An Era in AI Ends with DeepMind’s Conquest of Go

0
1616
Image Courtesy by Bijan Saniee screenshot

Bijan Sainee
Staff Writer

Google DeepMind’s Go playing computer program — called AlphaGo — engaged Lee Sedol, one of the top Go players in the world, in a five-game series, winning 4-1 in a display of great progress within the AI community.

Go is an ancient strategy board game that originated in China at least 2,500 years ago, and continues to be a popular pastime most predominantly in East Asia. Although a computer version of Go has been discussed for decades, programmers were more interested in solving chess problems until IBM Deep Blue’s controversial victory over then-World Champion Garry Kasparov in 1997.

Over the past twenty years, however, computer Go has evolved rapidly, and, as demonstrated by AlphaGo in the DeepMind challenge match, finally caught up to the level of top human players. DeepMind was founded in 2010 by Demis Hassabis, an AI developer with a talent in chess, having reached master level at the age of 13, and a deep interest in strategy board games.

Like any pure strategy game, Go is essentially a solvable puzzle, as either player one or player two is predetermined to win a perfectly played game. When played perfectly, games such as tic-tac-toe and checkers result in a tie. The problem with mastering Go, however, has to do with its complexity.

To put Go’s complexity into perspective, checkers has an estimated 10^20 positions, while chess has an estimated 10^60 possible variations in moves. Go, on the other hand, has about 10^700 legal positions. No existing computer can even begin to process the sheer volume of variations required to look for a solution for Go.

So, Go’s complexity rules out a “brute force” solution to the game, which refers to a method that game computers employ to search through millions of variations in order to find the best possible line. Therefore, DeepMind AlphaGo uses a machine learning system on a convolutional neural network that allows it to not only learn the rules, but also improves with each game it plays.

The DeepMind team initially trained AlphaGo by giving it a database — consisting of about 30 million moves — of high quality recorded human games so the program could begin to mimic the players’ moves. Most of AlphaGo’s development occurred in the second stage of its training, which consisted of the program playing millions of games against itself and keeping track of all possible moves.

With the exception of AlphaGo, top Go computers tend to hit a wall below human professional level. These computers do not have the self-learning component of AlphaGo, but rather rely on a Monte-Carlo Tree Search, which looks at the most promising moves, examines possible subsequent variations and chooses the best move from the set.
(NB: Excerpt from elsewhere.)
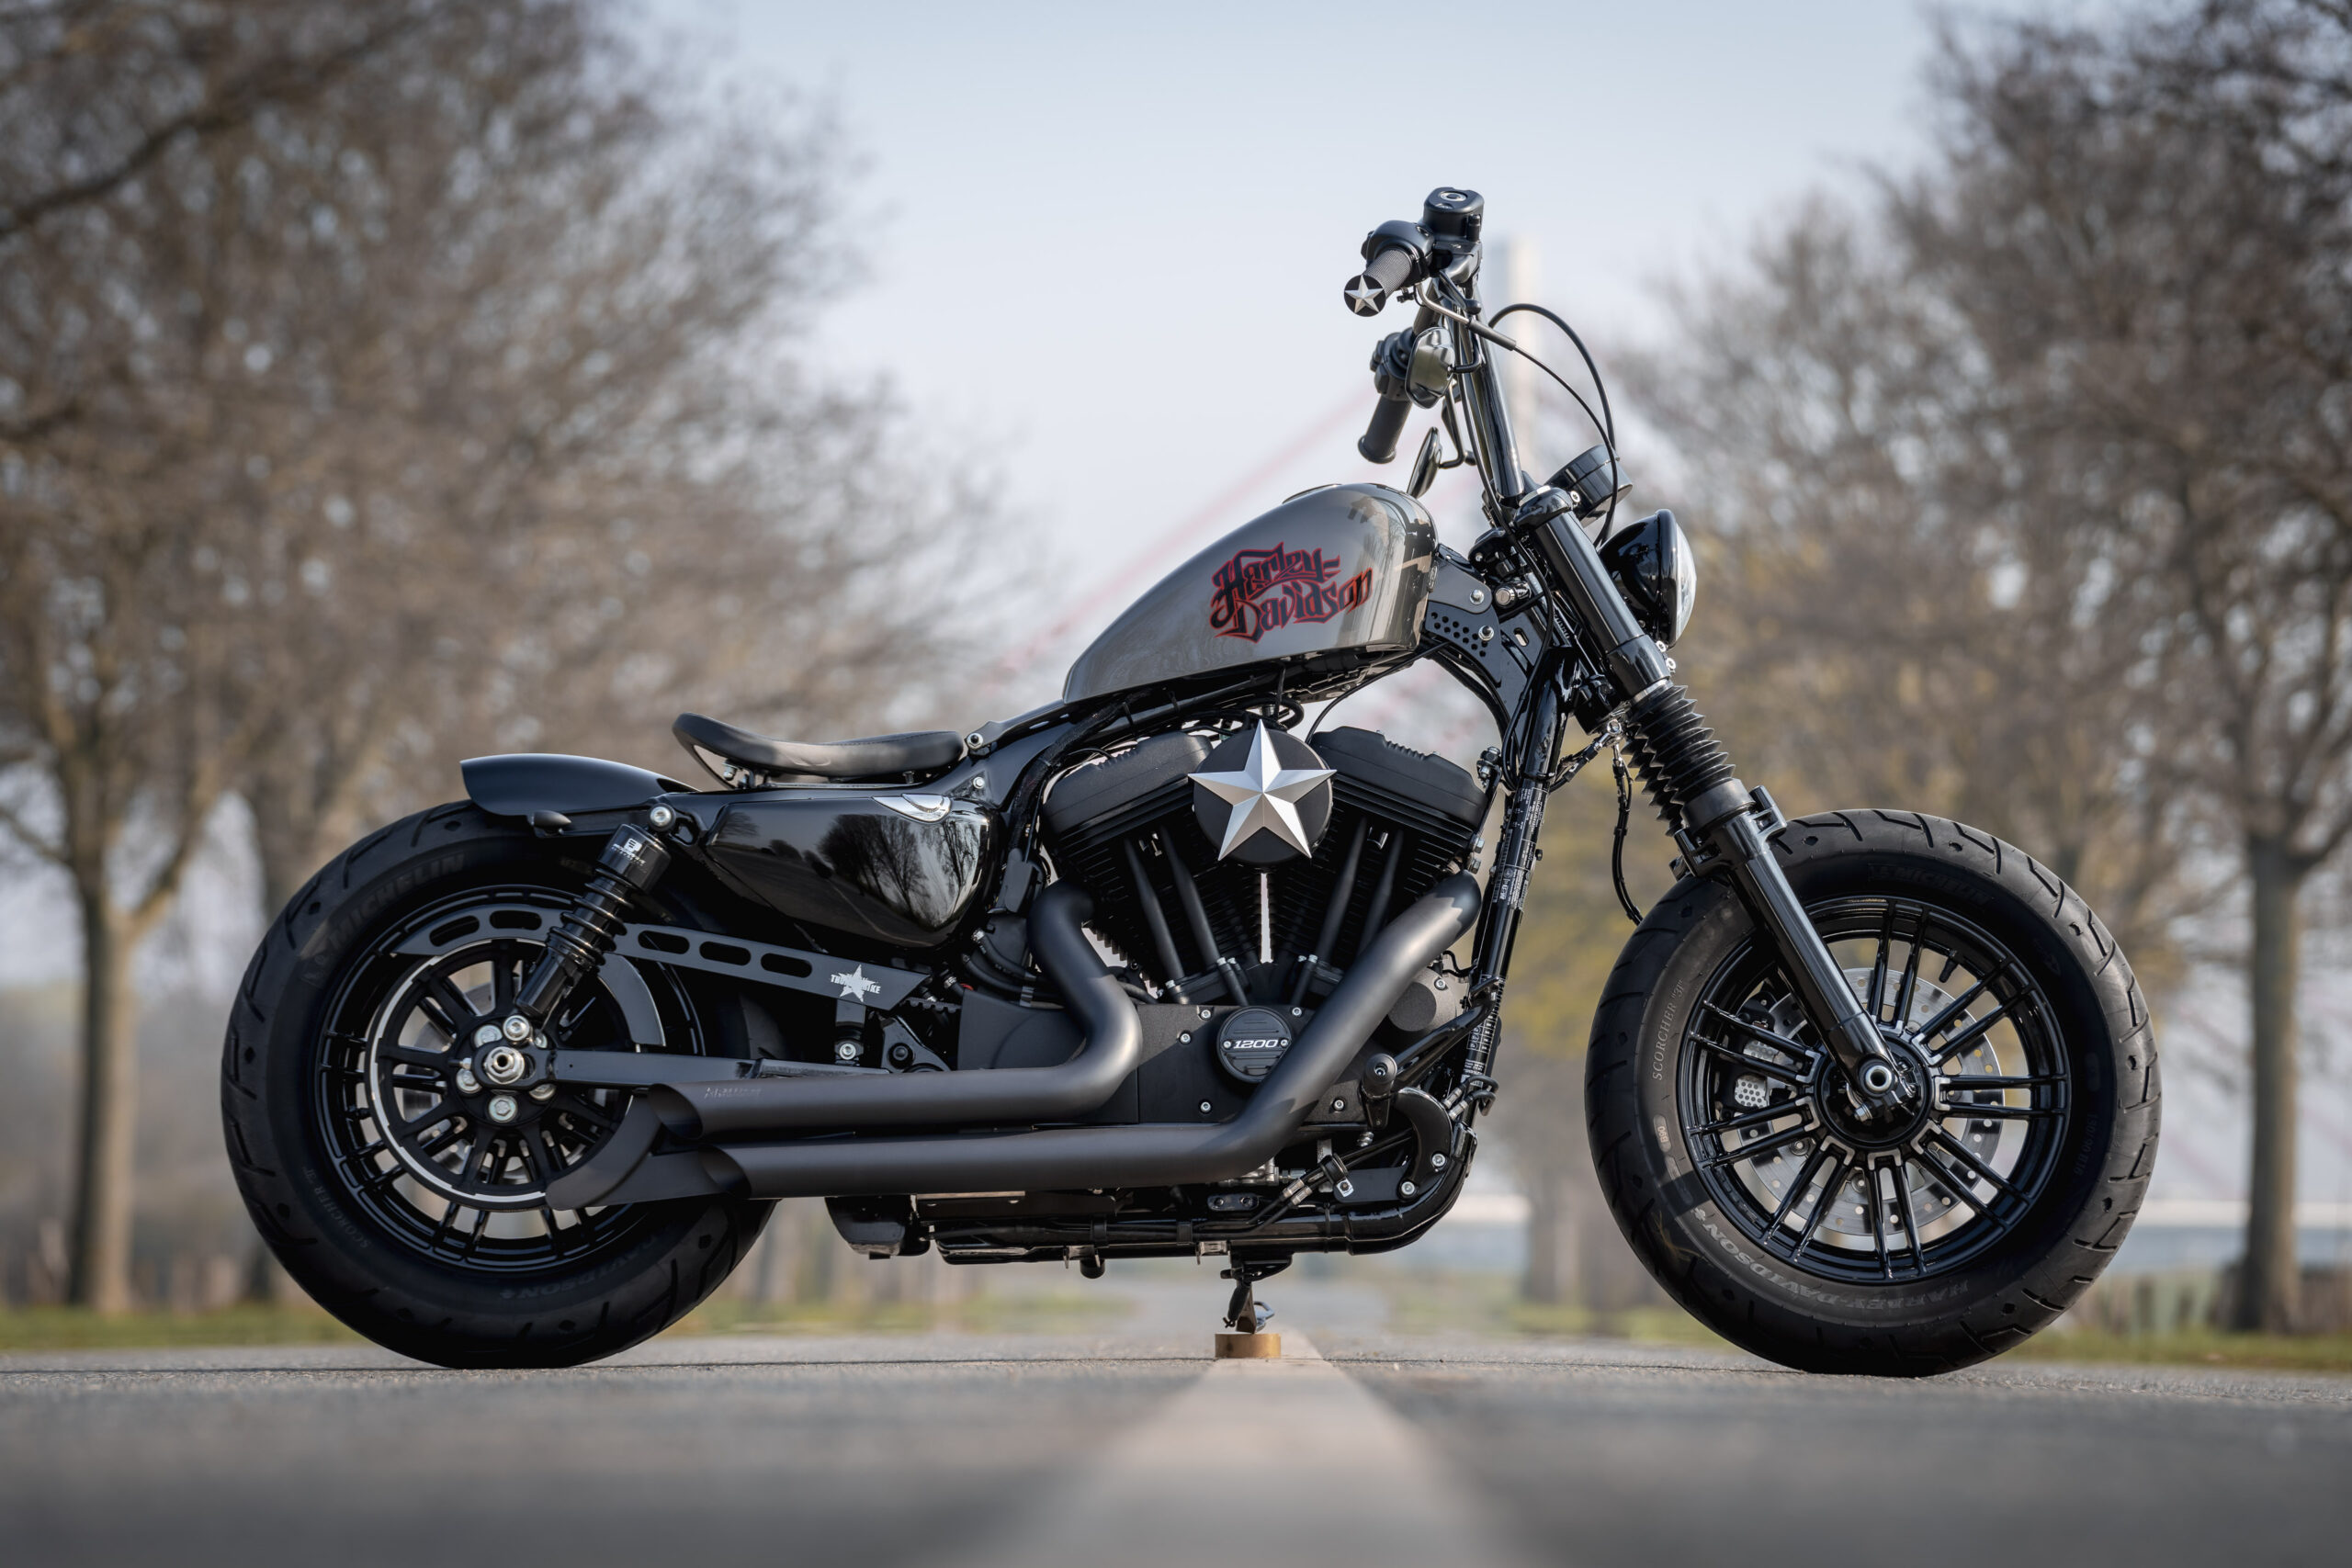 Customized Harley-Davidson Sportster Forty-Eight (48) XL1200X by

Although AlphaGo soundly defeated Fan Hui, the reigning European Go Champion, before taking on Lee Sedol, most members of the Go community felt that the program would be unable to take a game from the Korean champion. Although Fan Hui and Lee Sedol are both professional Go players, there is a stark difference in their playing strength, which is evidenced by their respective rankings, 2P and 9P.

Go uses a traditional rank promotion system that, for professionals, begins at 1P (short for 1 Dan professional), and ends with 9P (9 Dan professional, the highest achievable rank).

For the match against Sedol, the DeepMind team used a distributed version of AlphaGo that used 1,920 CPUs and 280 GPUs. The machine took the first three games, showing a novelty in the second with move 37, which top Go analysts agreed no professional human would think of making.

Despite having already lost the match, Sedol responded in the fourth game with a win, confusing AlphaGo on move 78; AlphaGo had estimated the chances of Sedol playing this move at one in ten thousand, and was unable to cope with the development, immediately losing its advantage on the board. Once AlphaGo recognized its mistake, it proceeded to engage in dubious play that even a novice human player would agree was objectively poor. Because AlphaGo won game five, game four presents the only example of AlphaGo attempting to play from a losing position.

“To be honest we are a bit stunned and speechless,” Hassabis said, responding to the DeepMind Challenge. “AlphaGo can compute tens of thousands positions a second, but it’s amazing that Lee Sedol is able to compete with that and push AlphaGo to the limit.”

The poor play demonstrated by AlphaGo in game four is seen in all Go computers that use the Monte-Carlo Tree Search. In this sense, even AlphaGo is unable to totally emulate the human approach to Go and room for improvement is evident.

Go is by far the most complex popular board game developed by man, and its conquest by AlphaGo can be seen as the end of a programming era in which the winning of complicated board games signified progress within the community. Hassabis says that DeepMind’s goal is to eventually apply its general AI learning algorithms to socially practical areas in health care and science.